Once Trump appoints more senior national security officials, administration policies towards some issues should become clearer. However, the transition process has already made it evident that his advisers and possible appointees are divided on critical issues, such as how closely they want to collaborate with Russia. Some have served in previous Republican administrations, worked at Republican-leaning think tanks, or are otherwise long-time members of the US national security establishment. They typically favour an assertive US foreign policy regarding Russia and China, strong support for NATO and other traditional alliances, and a robust US military posture and expenditure. But other prominent campaign aides and Trump associates are Washington outsiders that have expressed support for collaborating with Russia, reducing US military spending, and focusing on restoring US international economic competitiveness even at the cost of antagonizing traditional allies.

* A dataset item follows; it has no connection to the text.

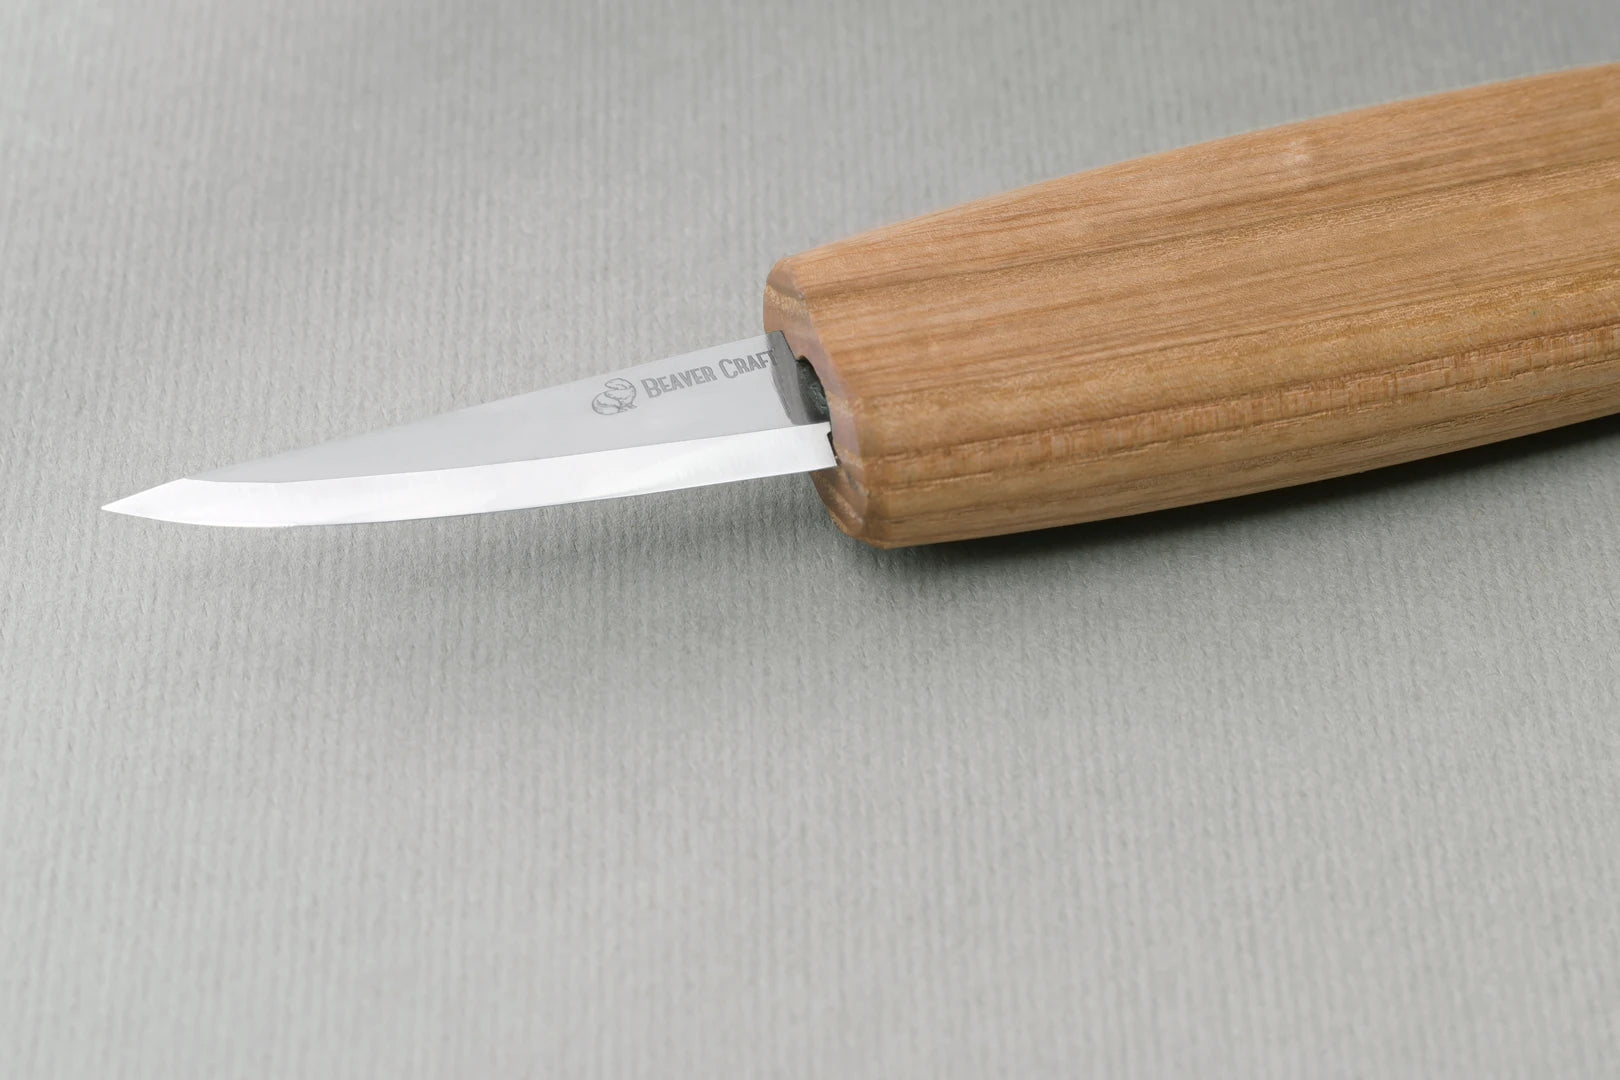 BeaverCraft Whittling Knife 49-C14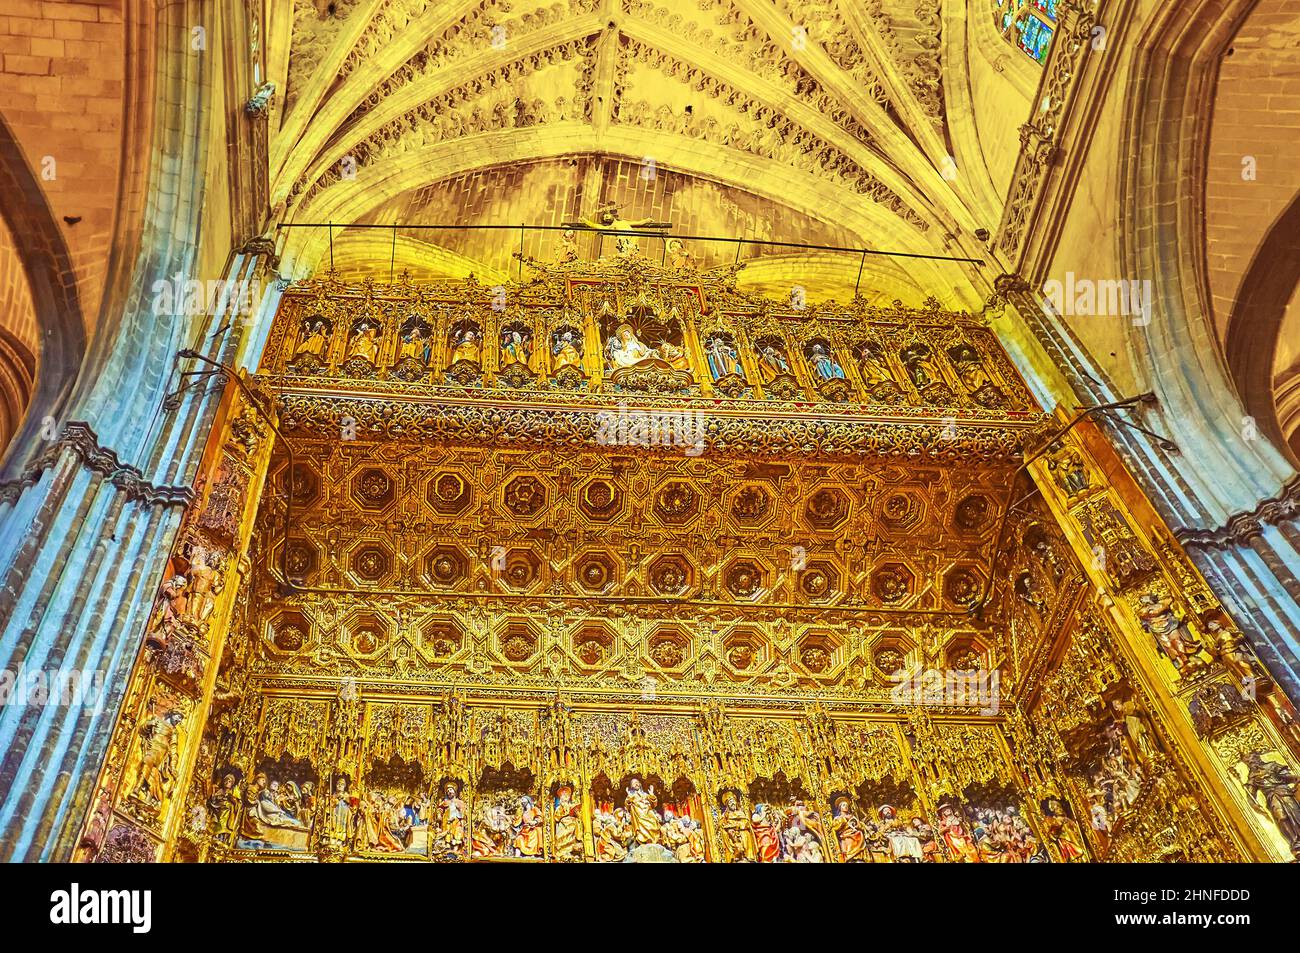 SEVILLA, SPANIEN - 29. SEPTEMBER 2019: Die geschnitzten vergoldeten Holzdetails des Altarbürgermeisters der Kathedrale von Sevilla mit Reliefornamenten und Skulpturen, am 2. September Stockfoto

For now, the latter appears to have Trump’s ear. General Michael Flynn, the former director of the Defence Intelligence Agency, has been proposed as Trump’s national security advisor. General Flynn has become known for advocating stronger measures against “radical Islamic terrorism” and partnering with Russia on this and other issues. Meanwhile, Senator Jeff Sessions has been selected as the new attorney general and Republican Mike Pompeo as the director of the Central Intelligence Agency. Sessions has been one of Trump’s staunchest supporters, was the first senator to endorse Trump during the campaign, and has taken a hard-line stance on immigration. Pompeo has strong views on the Iran nuclear deal, having been against the idea from the beginning. Yet, the White House still needs to fill thousands of political appointee positions open for each new administration. In the case of senior posts, they will need to find other candidates the Senate will likely confirm.
Policy divisions are common in US presidential administrations. The Carter administration was torn between hawks and doves, George W. Bush’s administration between republicans seeking to limit government spending and neoconservatives eager to promote global democracy, and the departing Obama administration between progressives who joined the Obama primary campaign and centrist Democrats who entered along with Hillary Clinton. The traditional pattern is for people appointed due to their campaign work to give way over time to people with more government experience. In Trump’s case, the Republican majority in Congress and foreign governments will also push Trump towards more traditional foreign-policy appointments and positions. But Trump stands out among recent US presidents for his willingness to consider unorthodox policies and approaches—so this process could take much longer than usual.